That’s smart

Close-up of a hard disk head resting on a disk...

Image via Wikipedia

S.M.A.R.T.

Self-Monitoring, Analysis and Reporting Technology[1] is a useful set of heuristics that are supposed to provide an advanced warnings of possible drive failures. With modern Hard Drives in modern Operating Systems, early SMART errors cause the filesystem to drop into read-only mode.

What I’ve learnt today

During normal computer usage, when the first indicators of drive failure start to crop up, performance degradation is usually the first indicator as the hardware itself tries to compensate and work around problems. A few errors is usually not an issue, and it is expected that all drives are not as reliable as we might hope.
However, as errors build up, and the drive runs out of preventative measures and eventually fails. With SMART, when the first non-fatal errors start occurring, warning start being flagged.
This triggers the operating system to drop filesystems on the drive to move into read-only mode, the user starts finding out when write()s fail and applications start to throw up errors.

In my LVM[2] setup, any LVs with extents on the failed drive goes into read-only mode and the recommended course of action is to check status of relevant mirrors, and start to pvmove extents onto drives with free extents. I admire the design of this clever algorithm[3].

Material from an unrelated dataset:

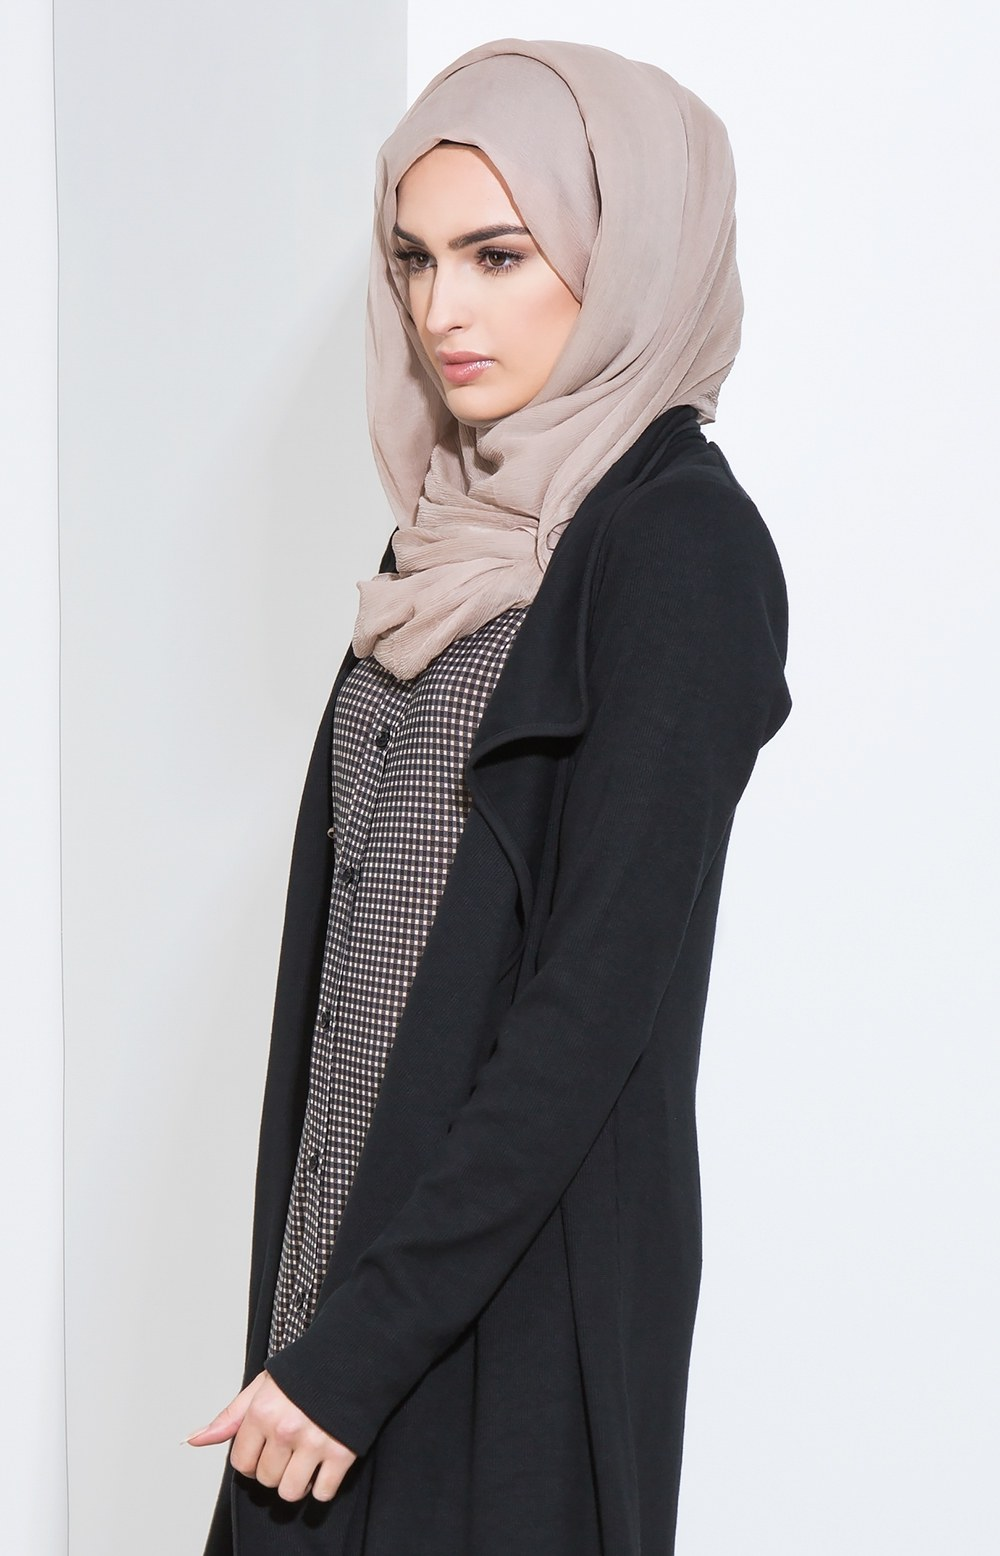 Ide Model Baju Lebaran Th Ini Bqdd 25 Trend Model Baju Muslim Lebaran 2018 Simple & Modis

If you catch the SMART status flags early, then pvmove is generally a safe thing to do. If not, then you need to start looking at backups.

Foreseeable problems

1/. You’ve committed all LV extents and you have no free (or not enough) extents on undamaged disks, pvmove won’t start because it knows that it cannot finish.
Add more PVs, or shrink some LVs (remembering to shrink the filesystems first) to resolve the issue.
2/. pvmove won’t help, read()s don’t even work any more. You’ve lost data, go find your backups, or use LVM mirrors.

LVM Mirrors: setup, failure and recovery

lvcreate volgroup -n newLV -10G (1)
lvconvert -m1 /dev/volgroup/newLV (2)

(1) creating a 10 gigabyte, linear LV.
(2) start up a mirror of the LV. LVM will not place mirrored extents on the same drive.
The -m flag can also be used during lvcreate to do this in one step. The number specifies how many mirrors there will be in addition to the master linear volume.

If one side of the mirror fails (I/O errors, disk death, drive removal etc), LVM converts the volume to a linear drive and read()/write() operations can continue to work.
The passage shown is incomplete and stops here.